Он отбросил бесполезную слегу, сел на берегу, широко расставив ноги в облезлых, исцарапанных армейских ботинках, достал из кармана мятую пачку «Примы» и протянул ее Глебу.

— Будешь?

— Спасибо, — сказал Глеб, — Временно не курю.

— Завидую, — вздохнул Гриша. — А я вот так не умею — сегодня курить, завтра не курить, а через месяц опять курить, как ни в чем не бывало. Силы воли, что ли, не хватает?

Он отыскал в другом кармане разлохмаченный коробок спичек, со второй попытки добыл огонь и окутался густым облаком вонючего дыма.

— А Женька — хорошая баба, — сказал он неожиданно. — Ей-богу, хорошая. Не упусти шанс, композитор.

— Не понимаю, — сказал Глеб.

— Да ладно, чего темнить-то? Держишься ты, не спорю, молодцом. И правильно делаешь, сейчас эти шуры-муры, наверное, и вправду ни к чему. Ты, главное, когда в Москву вернемся, едалом не щелкай. Мне только одно интересно: чего она делать-то станет, если мы и впрямь Горобца разыщем?

— Как что? — удивился Глеб. — Радоваться, наверное. Я бы на ее месте до неба от радости прыгал…

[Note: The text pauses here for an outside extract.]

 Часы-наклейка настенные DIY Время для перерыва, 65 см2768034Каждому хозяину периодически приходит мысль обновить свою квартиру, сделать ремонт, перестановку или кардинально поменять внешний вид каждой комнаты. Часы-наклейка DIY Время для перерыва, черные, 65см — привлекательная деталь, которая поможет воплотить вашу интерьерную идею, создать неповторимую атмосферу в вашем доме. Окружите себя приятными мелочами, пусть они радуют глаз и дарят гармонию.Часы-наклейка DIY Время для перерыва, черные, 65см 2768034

— Ты бы на ее месте хрен сюда поперся бы, — неожиданно грубо отрубил Гриша. — Андрюха Горобец — мужик нормальный, компанейский и специалист грамотный. А вот муж из него, как из бутылки молоток. Только о тиграх своих и думает, десять месяцев из двенадцати в командировках, а остальные два — по кабакам, по бабам… Упущенное, в общем, наверстывает. Нет у них никакой семьи, давным-давно нет. Просто Женька — баба правильная. Верная она, понимаешь? Другая бы на ее месте от радости плясала, что этот мучитель наконец-то доездился, сгинул, а эта, видишь, искать полетела. Раз, говорит, я его мертвым не видела, значит, живой он. Значит, говорит, замужем я, а супружеская измена — это, товарищи, мерзость. И потом, с кем ей гулять-то, с кем Горобцу изменять? Ты же видишь, какая она. Ей и мужик нужен такой же, из сплошного железобетона, а не хлыщи эти московские. Недаром же она сразу на тебя запала! Словом, не упускай шанс, другого такого может и не быть.

— Спасибо на добром слове, — не скрывая, что удивлен таким неожиданным поворотом разговора, сказал Глеб, — только я, знаешь ли, женат.

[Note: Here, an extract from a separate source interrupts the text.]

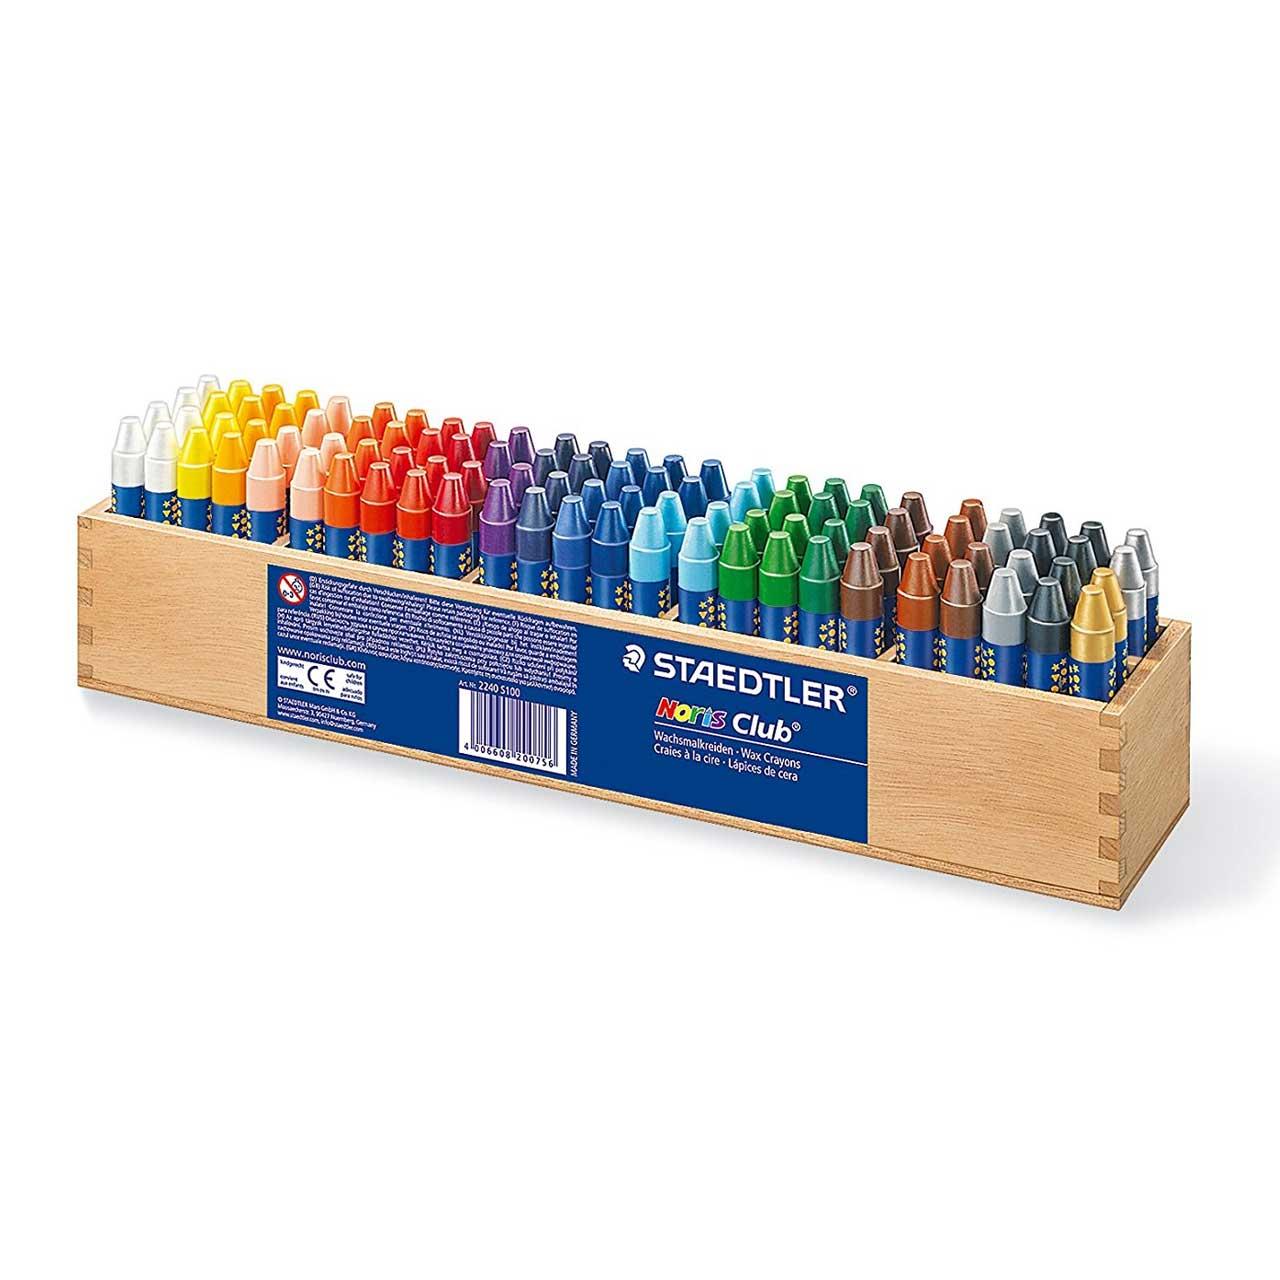 مداد شمعی استدلر کد S100 2240 مدل نوریس کلاب 100 عددی

— Ну, ты парень взрослый, сам решишь, что к чему, — пожал плечами Гриша. — Черт, рукав промочил, теперь неделю этой дрянью вонять будет… Я к чему это говорю? Я это все к тому, чтобы ты понял: Женька — баба надежная, и лишнего она у тебя никогда не попросит. Главное, ей сейчас помощь нужна, поддержка… Ну, ты понимаешь, о чем я толкую. В крайнем случае имей в виду, мы с Тянитолкаем можем и отвернуться — дровишек, к примеру, пойти пособирать или, скажем, за каким-нибудь зайцем погнаться…

— Ну, Григорий, удивил, — сказал Глеб. — Ты сам-то понимаешь, что несешь? Ты кто — Сваха или сутенер? Григорий не обиделся.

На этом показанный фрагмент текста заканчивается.